Tuesday 29 December 2009

Vegetable Biryani Recipe - How to Make Vegetable Biryani


Quick and easy recipe for Authentic Indian Vegetable Biryani. Learn how to make and prepare a delicious, simple and spicy vegetable biryani dish - cook it in the Indian kitchen.

Biryani, biriani, or beriani (Arabic بریانی) recipe is a set of rice-based foods made with spices, rice (usually basmati) and meat, fish, eggs or vegetables. The name is derived from the Persian word beryā(n) (بریان) which means "fried" or "roasted".

Biryani was brought to the Indian Subcontinent by Muslim travelers and merchants. Local variants of this dish are not only popular in South Asia but also in Arabia and within various Indian communities in Western countries.

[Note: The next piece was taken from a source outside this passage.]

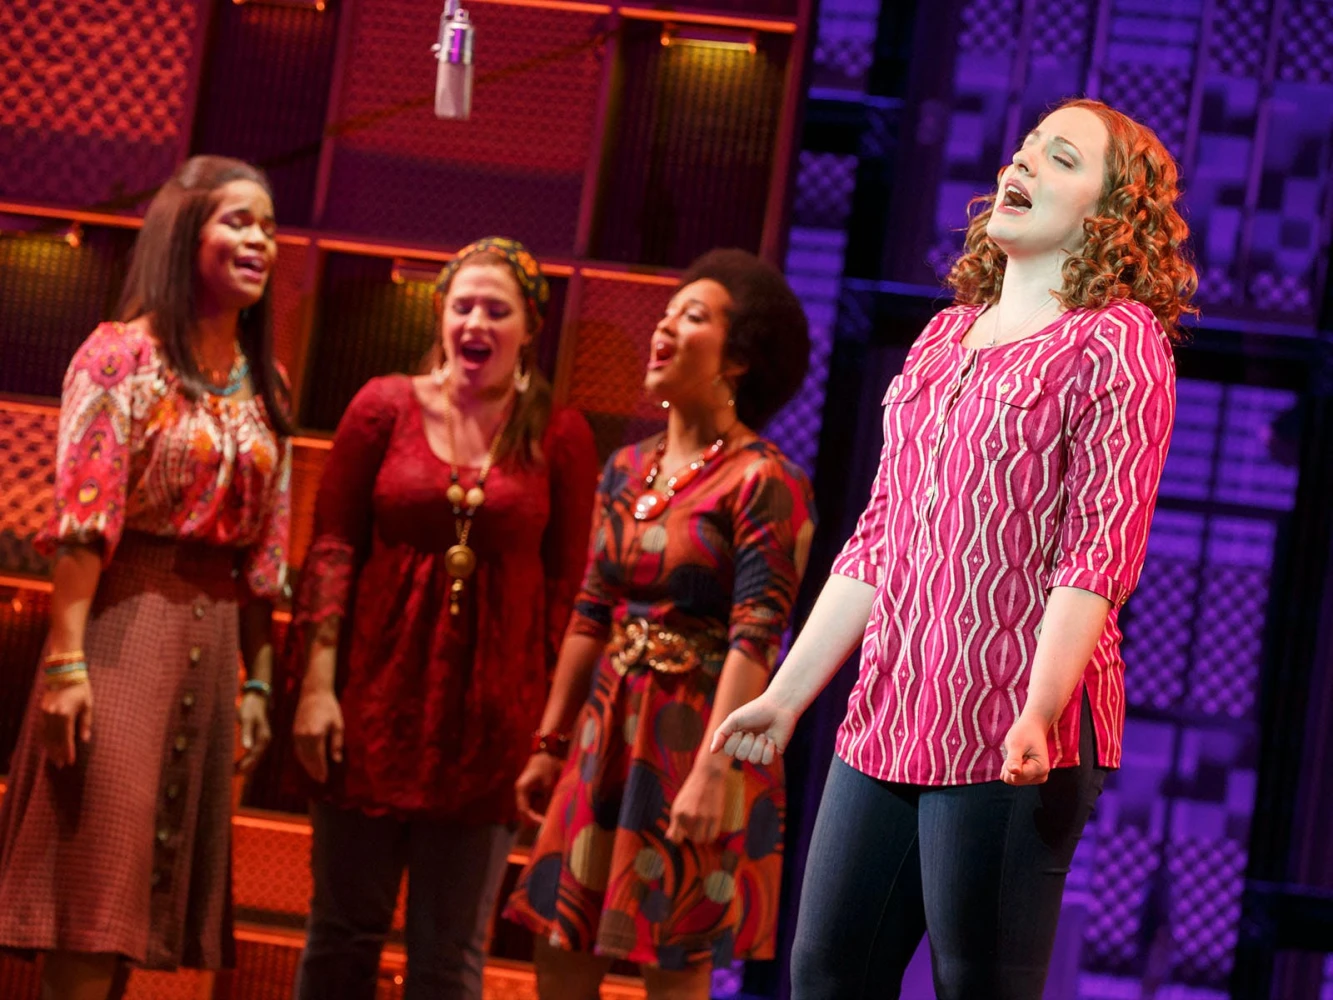 Beautiful: The Carole King Musical: What to expect - 5

Preparation time : 35 minutes
Cooking time : 35 minutes

Ingredients
For the rice:
2½ cups water or 625 ml
2 cubes MAGGI® Seasoning for White Rice
2 cups basmati rice or 400 g

For the vegetables:
2 tablespoons vegetable oil
1 teaspoon caraway seeds
2 medium onions or 250 g, sliced
1 tablespoon garlic, finely chopped
1 tablespoon fresh ginger, finely chopped
1 large carrot or 200 g, cut into medium cubes
½ cup frozen green peas or 80 g, thawed
1 cup frozen green beans or 160 g, thawed and cut
¾ cup water or 185 ml
1 medium green bell pepper or 150 g, cut into medium cubes
1 teaspoon chili powder
1 teaspoon ground turmeric
2 medium tomatoes or 300 g, diced
3 tablespoons fresh mint, chopped
2 tablespoons coriander leaves, chopped

Preparation
  1. In a medium saucepan, place water, MAGGI® Seasoning for White Rice cubes and rice. Stir occasionally to boil then cover and simmer over low heat for 15 minutes or until rice is almost cooked. Remove from pot and spread the cooked rice in a large platter and set aside.
  2. Meanwhile, heat the oil in another medium saucepan. Add caraway seeds and stir for seconds until caraway starts spluttering then add onion and stir until golden in color.
  3. Add garlic and ginger and stir for seconds then add carrot, green peas and green beans; stir for 3 minutes then add water. Cover and simmer until vegetables are almost cooked and water is evaporated.
  4. Add bell pepper, red chili powder, turmeric and tomato and stir occasionally for 10 minutes. Add mint and coriander and fold with the vegetable mix.
  5. Combine the cooked rice and the vegetable mix gently and place the mixture in a clean pot. Cover with aluminum foil and with a tight fitting lid and place in a very low heat for 30 minutes then serve.
Cooking tips : Sprinkle 1 tablespoon of rose water over the rice and the vegetable mix at the last cooking step.
Serving tips : Serve with low fat yogurt salad (Raita).